Ganja Oblast was an administrative-territorial unit of the Azerbaijan SSR that existed in 1952 and 1953. The administrative center was the city of Kirovabad. Ganja Oblast is now a region in Azerbaijan, which includes the Agdash, Agstafa, Barda, Dashkasan, Gadabay, Goranboy, Khanlar, Qazakh, Samukh, Shamkir, and Yevlakh rayons.

== History ==
Gäncä became an important centre of trade, but in 1231 it was again leveled, this time by the Mongols.

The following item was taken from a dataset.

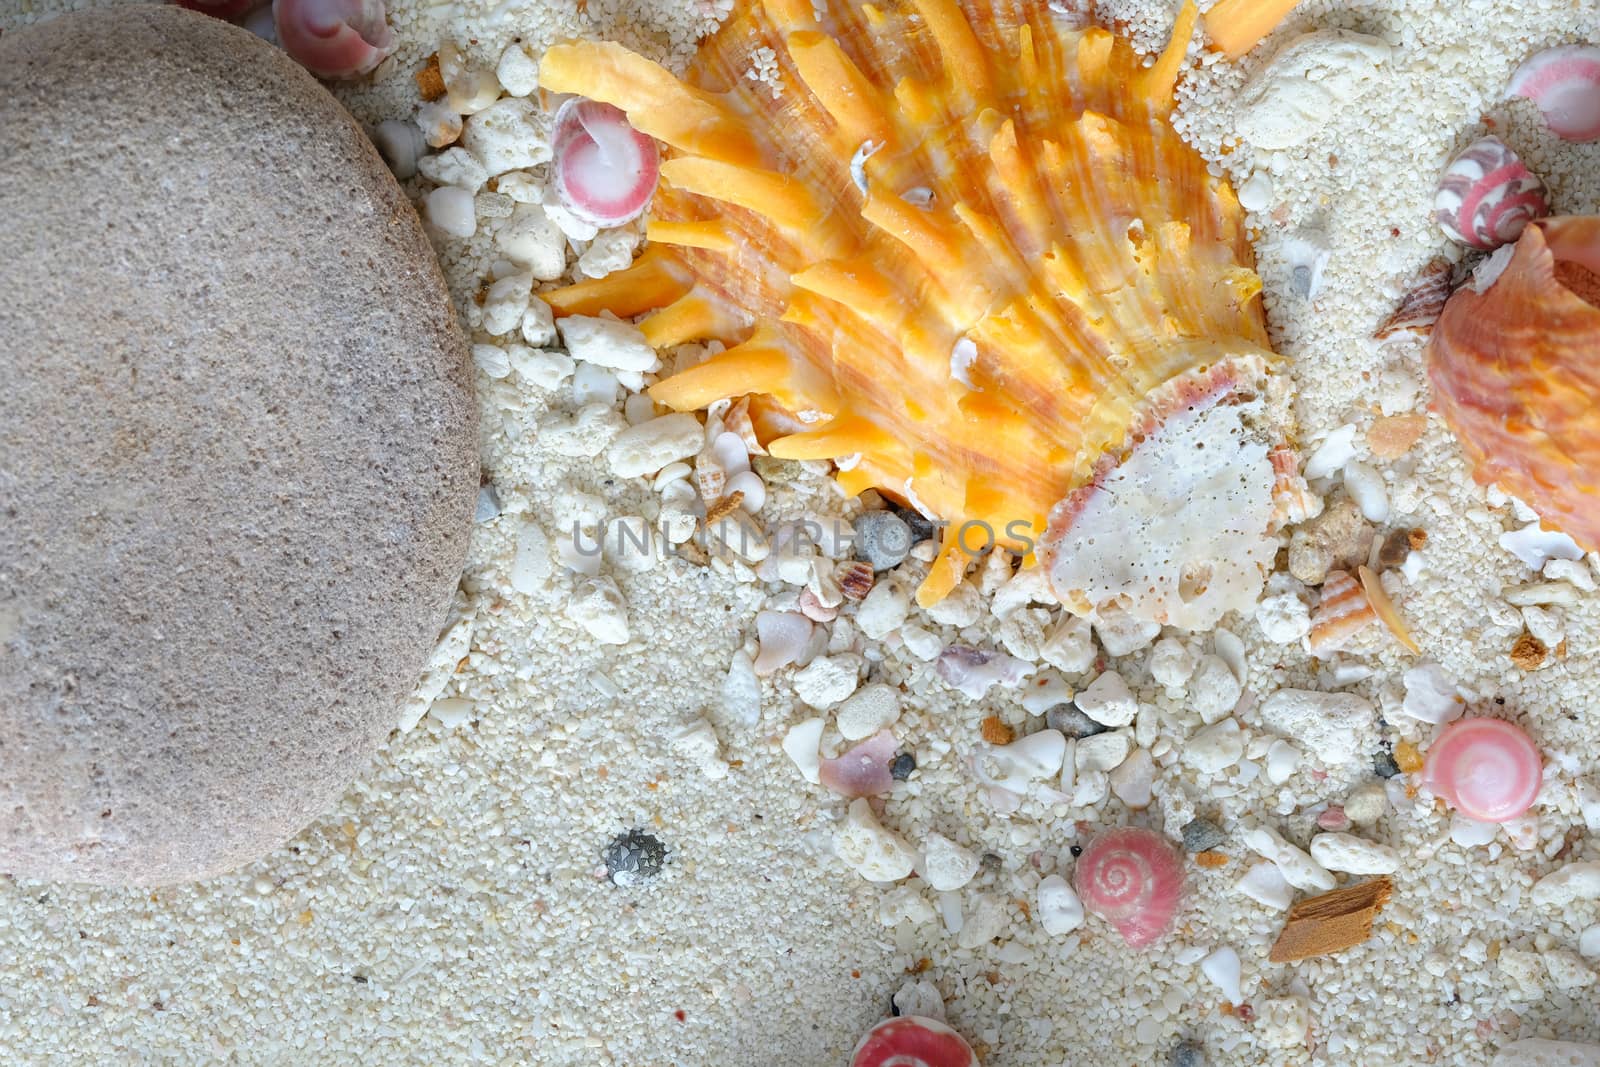 shells of pink button snails (Umbonium vestiarum) and orange spiny scallop (Amusium pleuronectes) on white sand
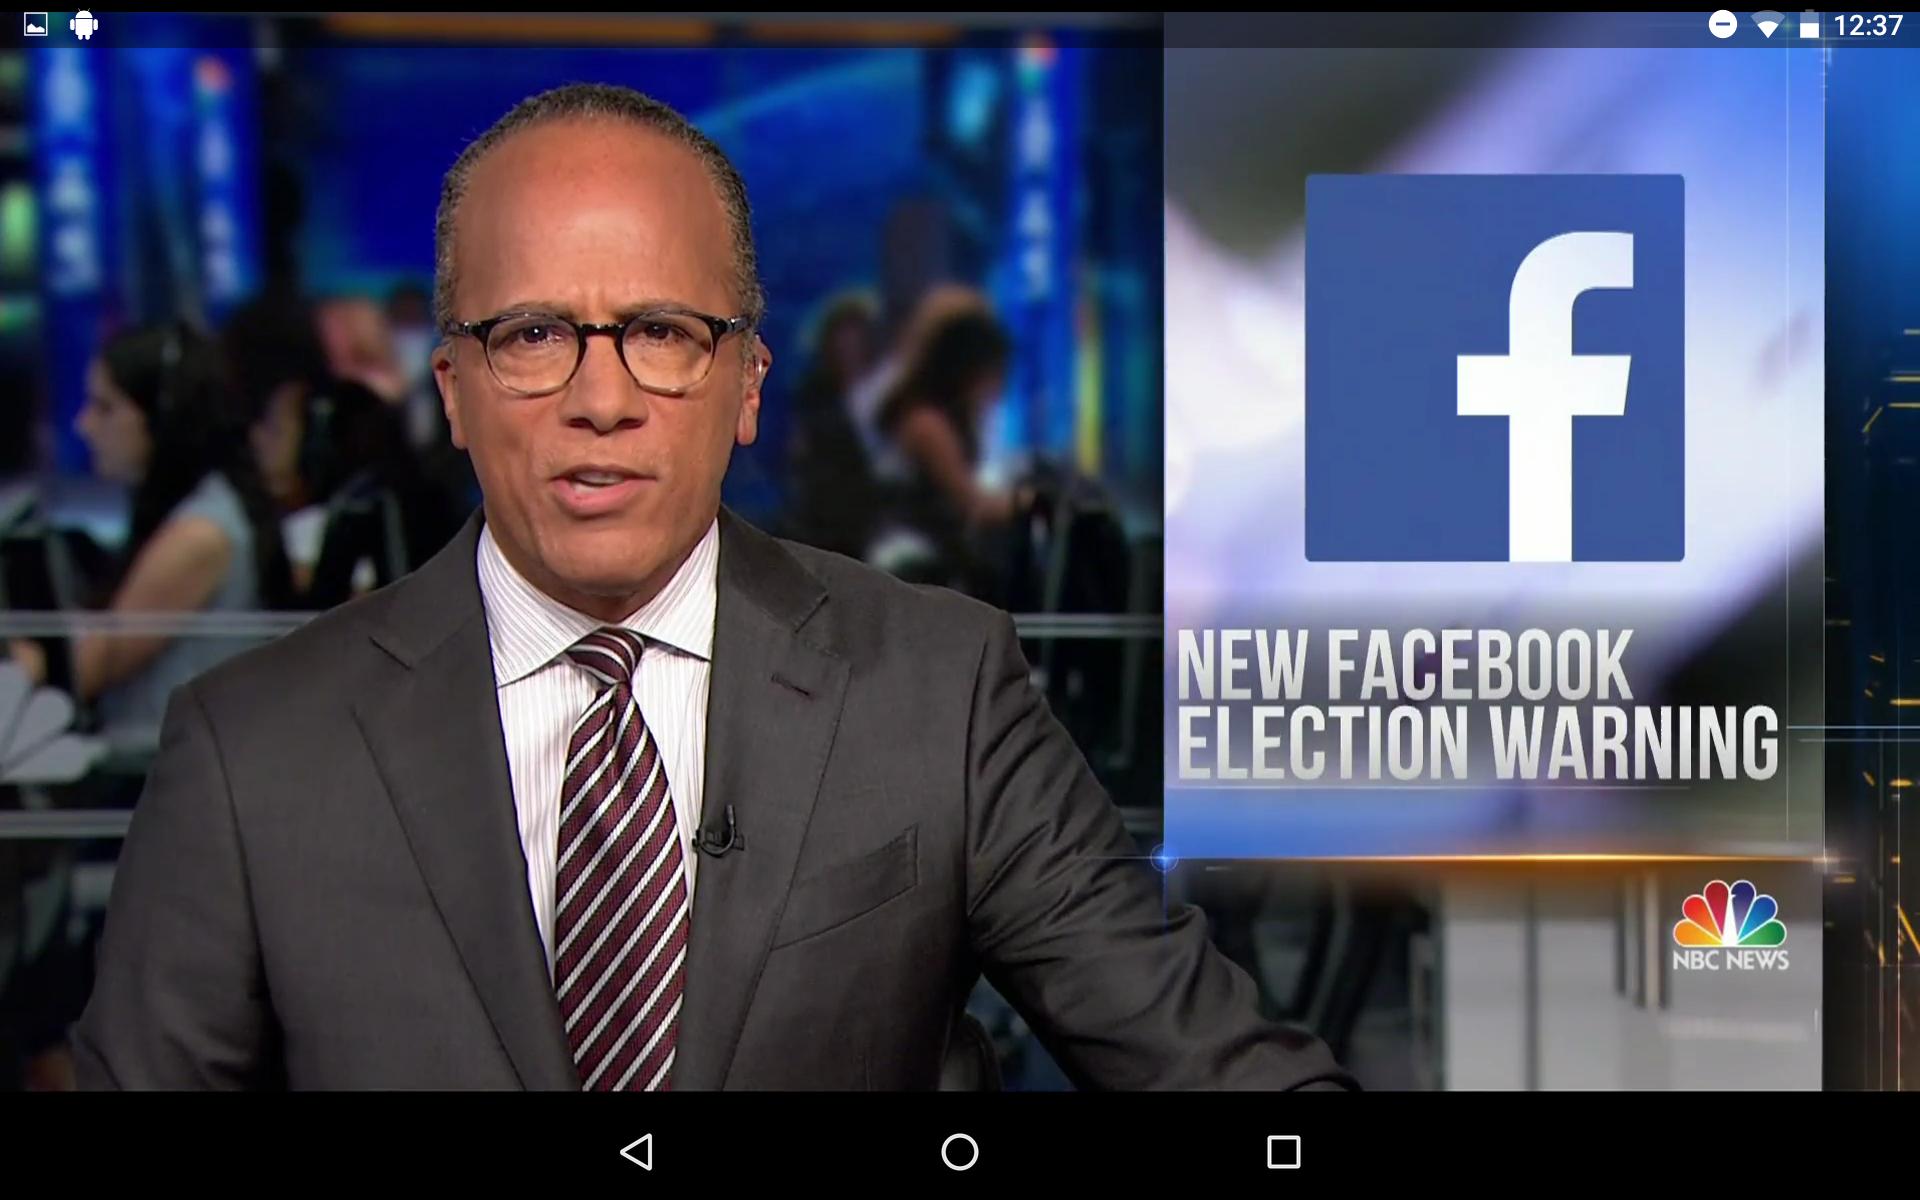 NBC News: Breaking News, US News & Live Video 6.0.11 Screenshot 16

Captured in 1606 by the Persians, it became the centre of the Gäncä khanate. Ganja Oblast (along with Baku Oblast) was formed on April 3, 1952, as part of an experiment to introduce regional divisions within the union republics of Transcaucasia. The Ganja region was located in the western part of the republic and was divided into 28 districts: Aghdam, Agdash, Aghjabedinsky, Akstafa, Barda, Belokansky, Vartashensky, Geokchay, Dostafursky, Yevlakh, Zakatala, Zardobsky, Kazakh, Kasum-Ismailovsky, Kakhsky, Gadabay, Kalbajar, Kutkashensky, Mir-Bashir, Nukha, Samukh, Safaraliev, Tauz, Ujar, Khaldan, Khanlar, Shamkhor and Shahumyan.

After one year, the experiment was declared unsuccessful, and the region was abolished by decree of the Presidium of the Supreme Soviet of the USSR April 23, 1953.